Llegó la tira y a mí me zamparon una máscara para que, al salir, no
me reconociera la gente y no me fuera a pasar nada.
Fuimos a parar al tambo todos los luchadores; toda la mara al
bote. Mi agresor era un muchacho como de unos dieciocho o veinte
años, aunque era grandote el pisado. Cuando los chontes nos llevaron
donde su jefe, que estaba sentado detrás de su escritorio, sin saludar
y con esa prepotencia de los desgraciados de ese tiempo, me preguntó:

—¿Qué pasó?
—Pues mire señor, le dije, ustedes al igual que nosotros, a mucha
gente le caemos mal; especialmente a la gente mala porque ustedes los
combaten y bla, bla, vaá. Y esa es mi situación. A mí, como rudo, la gente
no me quiere. Usted sabe que es mi trabajo igual que el suyo. Ustedes
apalean a alguien porque se lo merece, le dije. La gente los odia por eso.
Y a mí me odia porque cachimbeo a los técnicos. Eso fue lo que pasó con-
migo; yo estaba trabajando... porque para nosotros es un trabajo ése. Y
ese muchacho se encaramó al ring y me dio un golpe; mire.

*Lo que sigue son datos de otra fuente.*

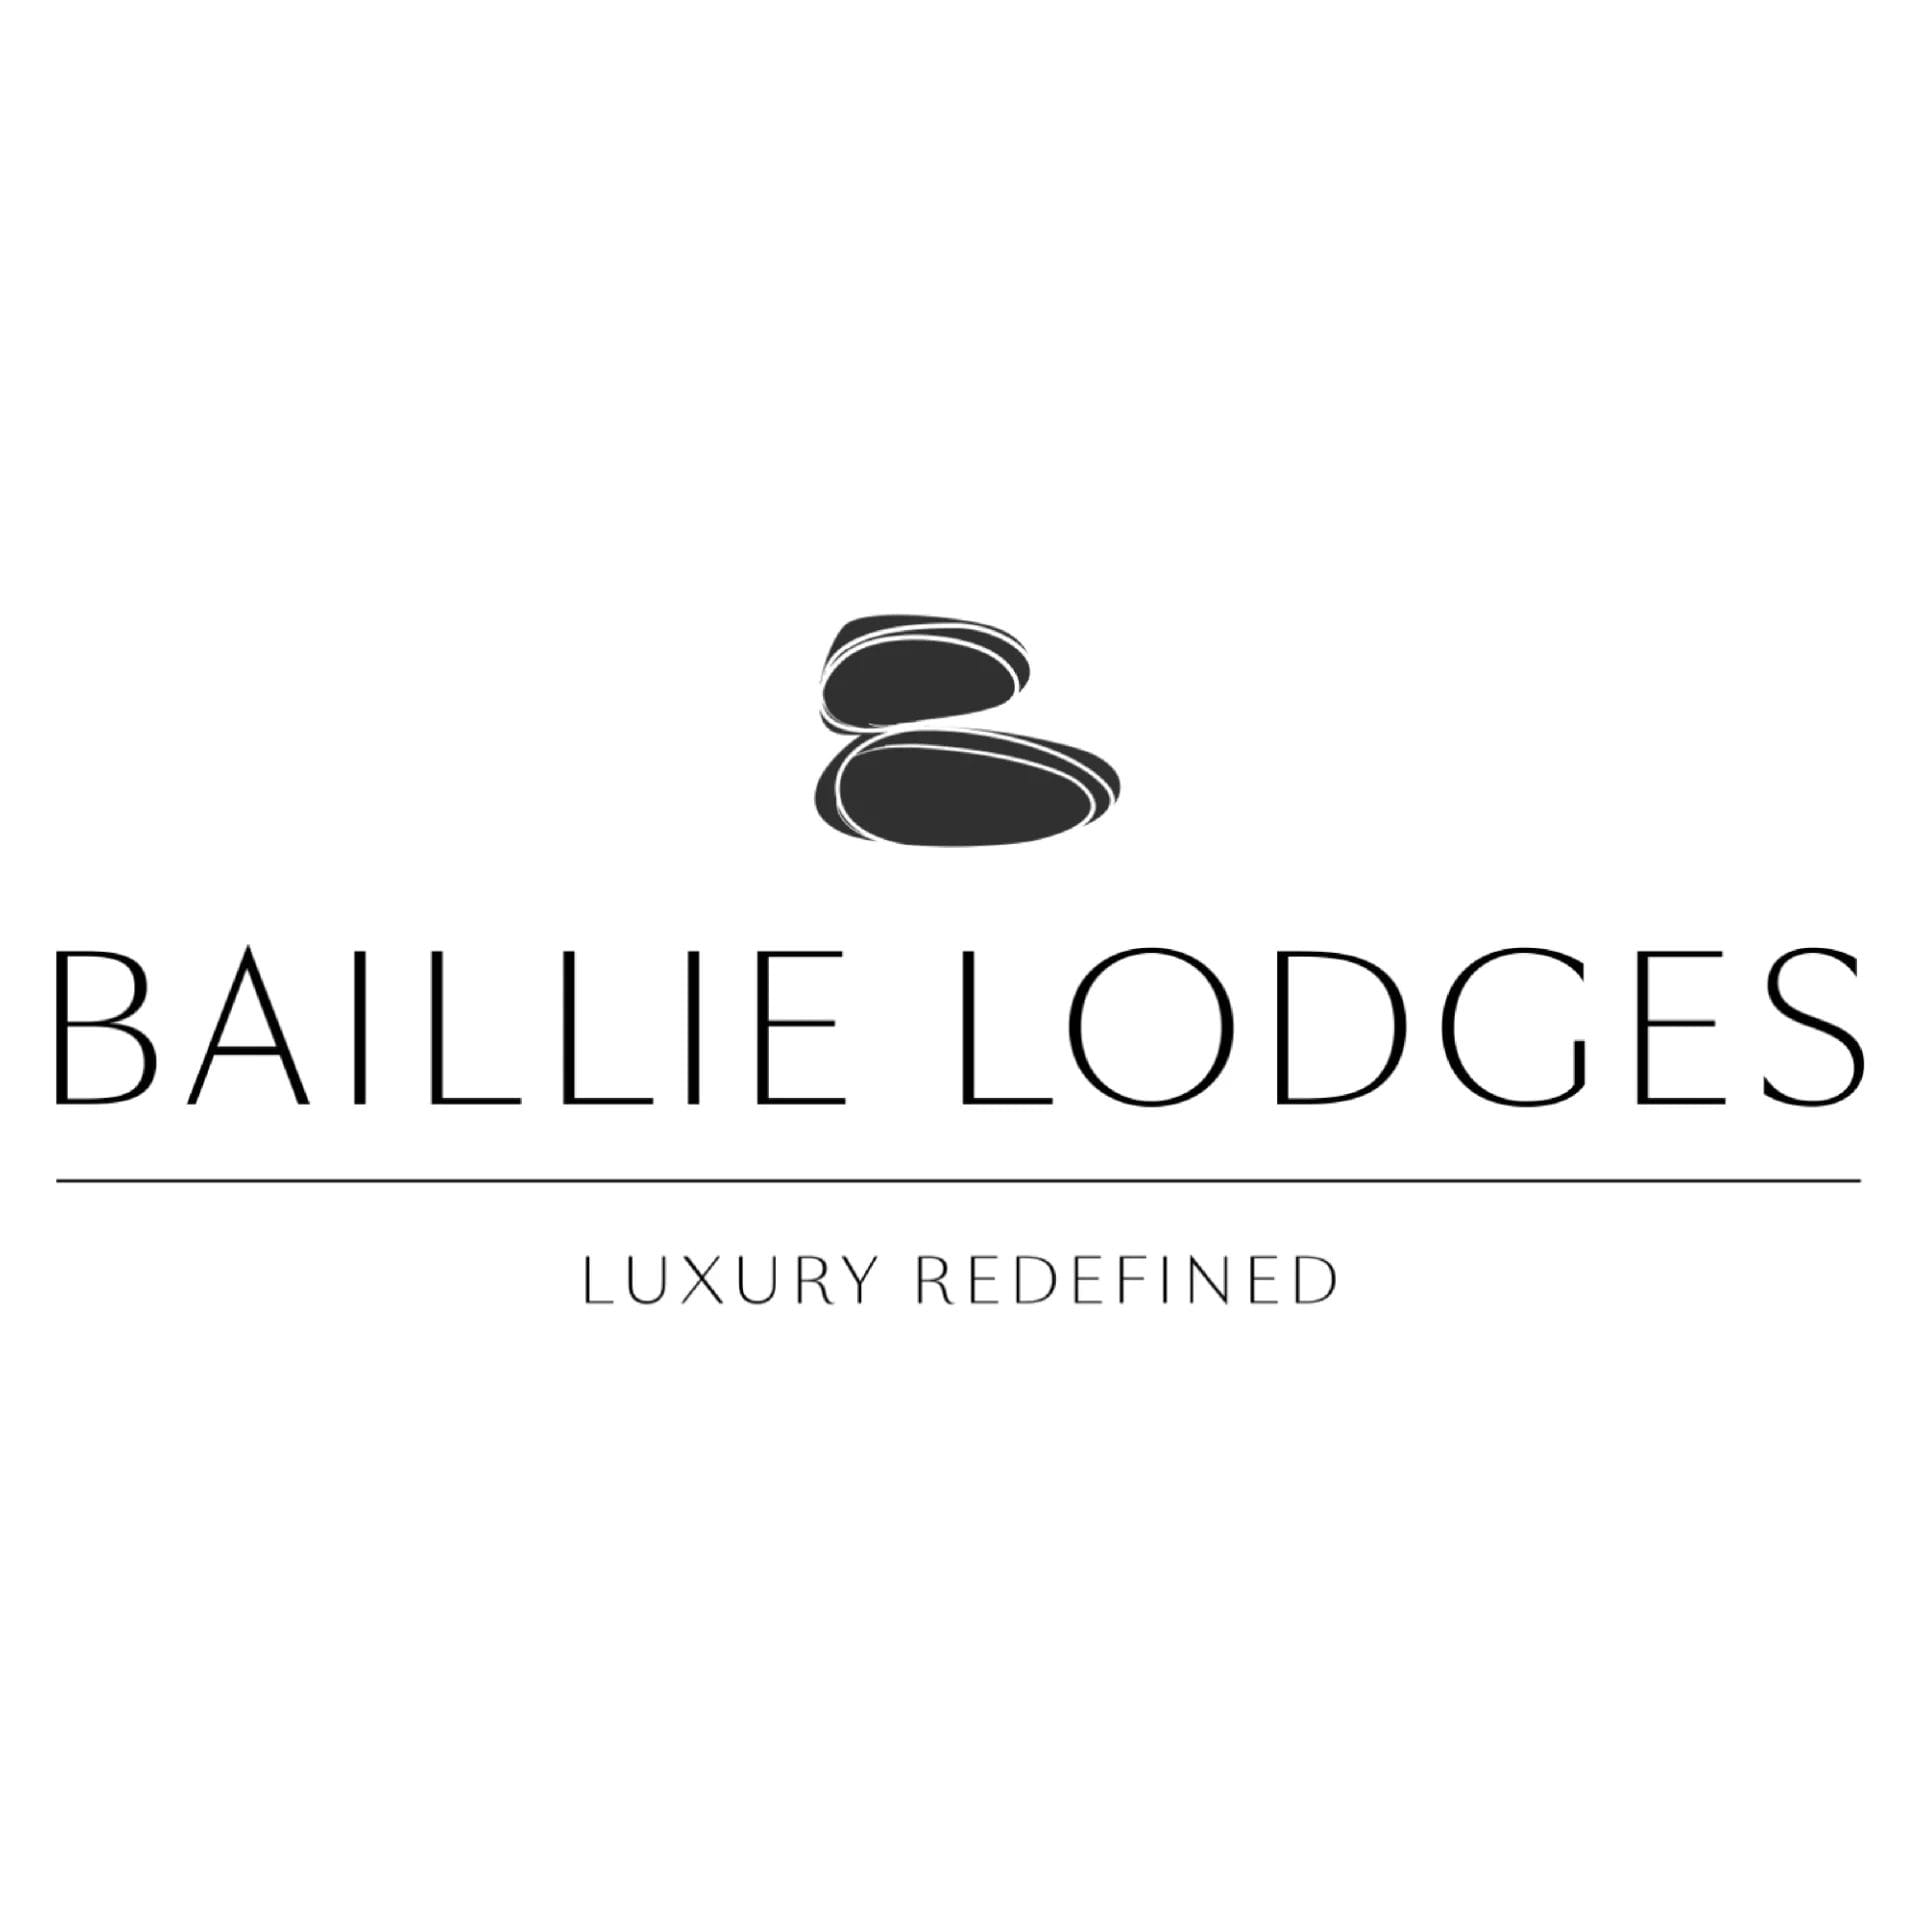 Baillie Lodges
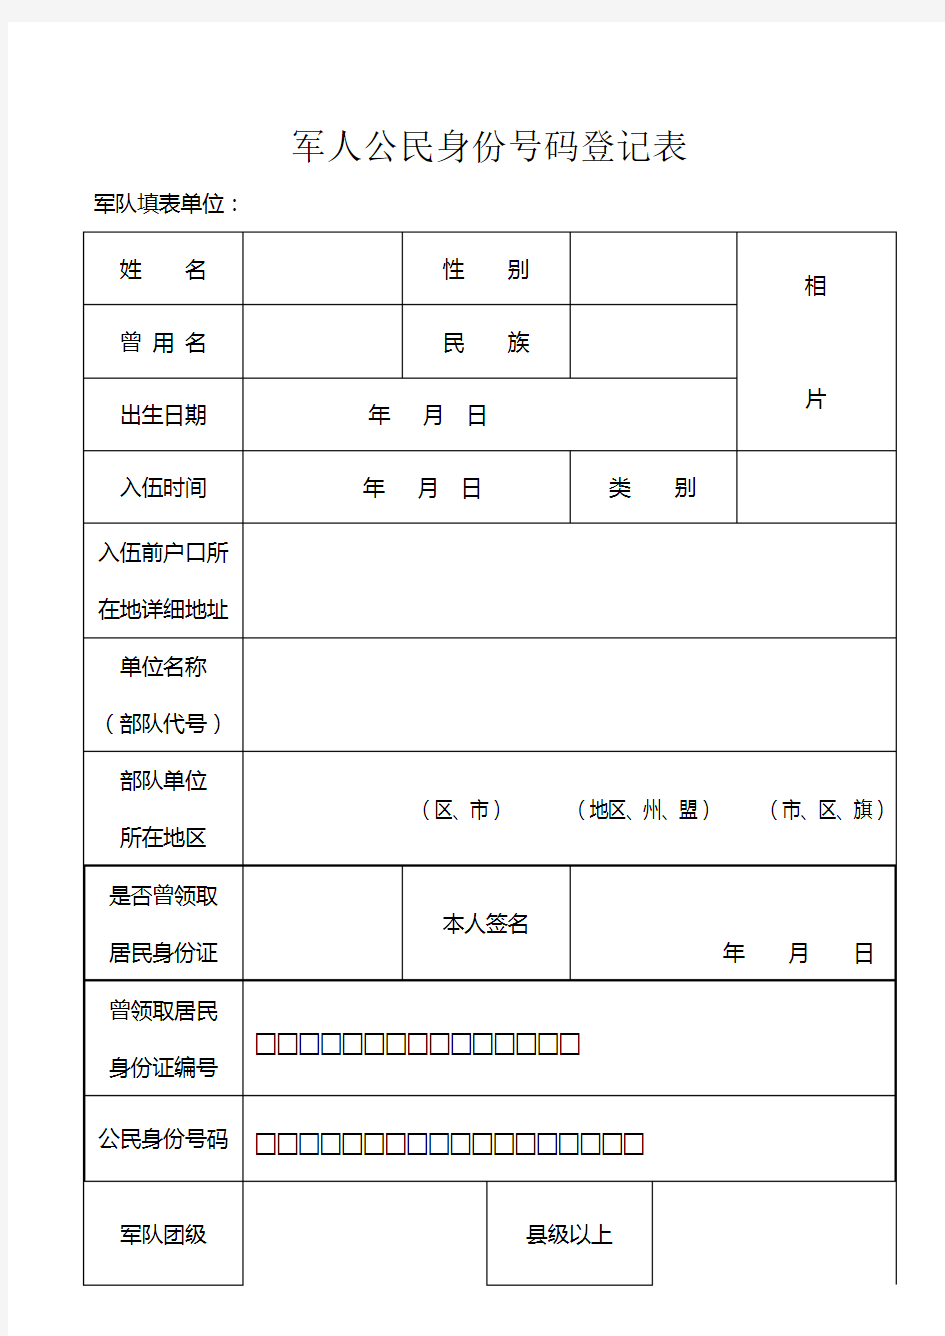 军人公民身份证号码登记表

Y le enseñé el ojo todo puzpo.


—¡Ahh, bueno!
Entonces llamaron al chavo que yo había cachimbeado y, como ya
lo había visto el médico, iba vendado. El forense le detectó tres que-
braduras en la nariz. Recuerdo a Huracán Ramírez, con su máscara;
se me quedaba viendo incrédulo de lo que había pasado.
—Pinche bigotudo, por tu culpa estamos aquí presos —me dijo.
Porque según él, todos íbamos a pasar la noche allí, verdá. Total, me
interrogó el jefe de los tiras. Y luego hizo lo mismo con el que cachimbeé.
—Vamos a ver, usté, por qué fue a la lucha, cuénteme.
—Ah, pues, fíjese jefe, yo iba pasando por allí; iba pasando por allí
y miré en la cartelera que esos payasos iban a luchar y entré...
—Ah, entonces payasada te hicieron allí —le dijo.
—No, ese si me pegó de a verdá.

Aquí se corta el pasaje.